Seçimin hemen ardından dokuz yöneticinin yedisi değiştirildi. Maliyetleri düşürerek son beş yılda ilk kez denk bir bütçeye ulaşmak mümkündü farklı bir stratejide karar kılındı. Takıma acil yatırım yapılıp başarı sağlanacak ve gelirler arttırılacak, aynı zamanda giderler de kontrol altına alınacaktı.
Kulübün borçlarını orta vadede yönetilebilir kılmak için finans kuruluşları ile toplam 150 milyon borç alabilme imkanı veren bir dizi anlaşma imzalandı. Üye sayısını arttırmak adına El Grand Repte kampanyası başlatıldı, üyelik tüm dünyaya açıldı ve ilk yıl 25 bin üye kaydedildi.
Bilet fiyatları yeniden düzenlendi. Yurt dışındaki taraftarlar için sezonluk "bilet+otel" paketi oluşturuldu. 3,6 ve 12 maçlık özel kombineler yaratıldı. Kombine sahiplerinin gelemeyecekleri maçlarda yerlerinin yeniden satışını sağlayan bir sistem kuruldu. 2005’te üye sayısında 163 bine, kombine satışında 85 bine ulaşıldı. Camp Nou, toplantı ve konferanslar için bir merkez olarak düzenlenip pazarlanırken stadyum ve müze turlarından elde edilen gelirler de büyük artış gösterdi. 2004/05 sezonunda yüksek fiyatlı 36 özel loca oluşturuldu ve bu localar ilk sezonundan beri yok satıyor. Ticari gelirleri Avrupa dışında da arttırabilmek içinse özel bir ekip kuruldu.
Kadro, takımın başına getirilen Frank Rijkaard’la yeniden planlandı. Ronaldinho, Deco, Ludovic Guily, Samuel Eto’o, Rafael Marquez gibi transferler Carles Puyol, Xavi, İniesta, Messi, Victor Valdes gibi kulübün yetiştirdiği oyuncularla kaynaştırılarak bir takım çekirdeği oluşturulurken; yüksek maliyetli bazı oyuncularla yollar ayrıldı. Maliyetleri kontrol amacıyla oyuncularla anlaşmalar “performansa bağlı ücret” eksenine oturtuldu. 2005’e gelindiğinde ücretlerin %18’i takım, %18’i bireysel performansına endeksliydi.

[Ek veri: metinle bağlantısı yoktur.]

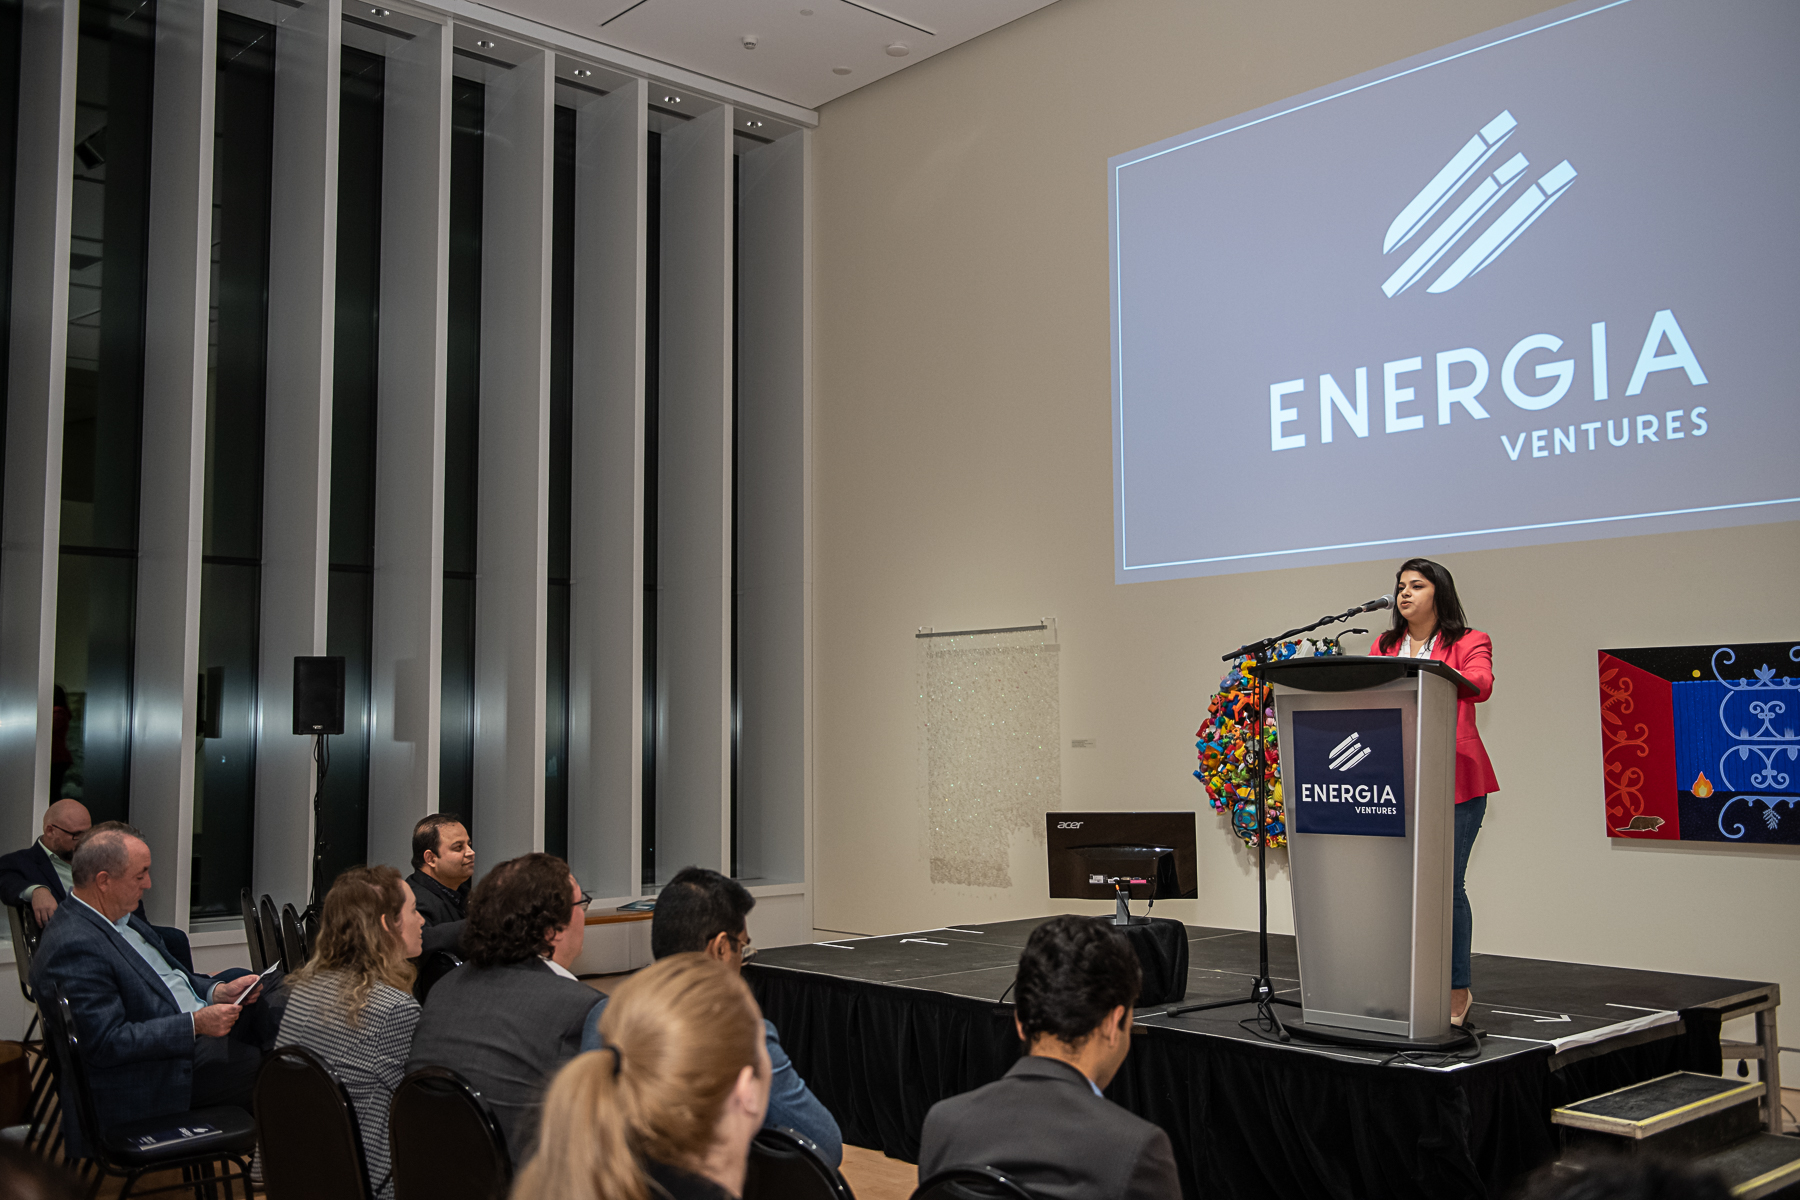 201911_energia_0042

İzlenen strateji daha ilk sezondan başarı sağladı. Gelir %37 artarak 169 milyona ulaştı. 110’dan 85 milyona inen ücretlerin gelire oranıysa %88’den %50 civarına çekilmişti. Önceki sezonu dev bir zararla ve 6. bitirebilen kulüp, 7 milyon kâr yazarken sezonu 2. sırada tamamlıyordu. Sonraki sezon şampiyonluk, bir sonraki sezon hem lig hem de Avrupa’da şampiyonluk geldi. 2003’te Manchester United’ın yarısından az kazanan Barcelona, gelirini 5 yılda 2,5 katına çıkararak farkı %5’e kadar indirdi. Ertesi yıl da geçti.
Laporta’nın yönetim ekibi 2005’te istifalarla sarsıldı, toparlanmanın ardından 2008’de bir istifa dalgası daha geldi. 2010’da ise başkanlığı, değişimi başlatan ekibin bir başka üyesi olan Rossel’e kaybetti.
Rossel’in Neymar skandalıyla koltuğu ortasında Bartomeu’ya devretmek zorunda kaldığı 2013/14 sezonu, Barcelona’nın 6 yıl sonra 3 ana kulvarı kupasız kapattığı ilk sezon olmuştu. Geçen sezonsa bunu kelimenin tam anlamıyla tersine çevirdiler.
Ölümsüzlüğe dönüş
Lig-Kupa-Avrupa üçlemesini başaran ilk kulüp 1967’de Celtic oldu. Meslektaşı Jock Stein’ı ziyaret eden Liverpool’un efsanevi menajeri Bill Shankly, tarihte eşi olmayan bu başarısını kutladığı dostuna “Artık ölümsüz oldun, nasıl bir duygu?” diyerek takılmıştı… İki kere ölümsüz olunur mu?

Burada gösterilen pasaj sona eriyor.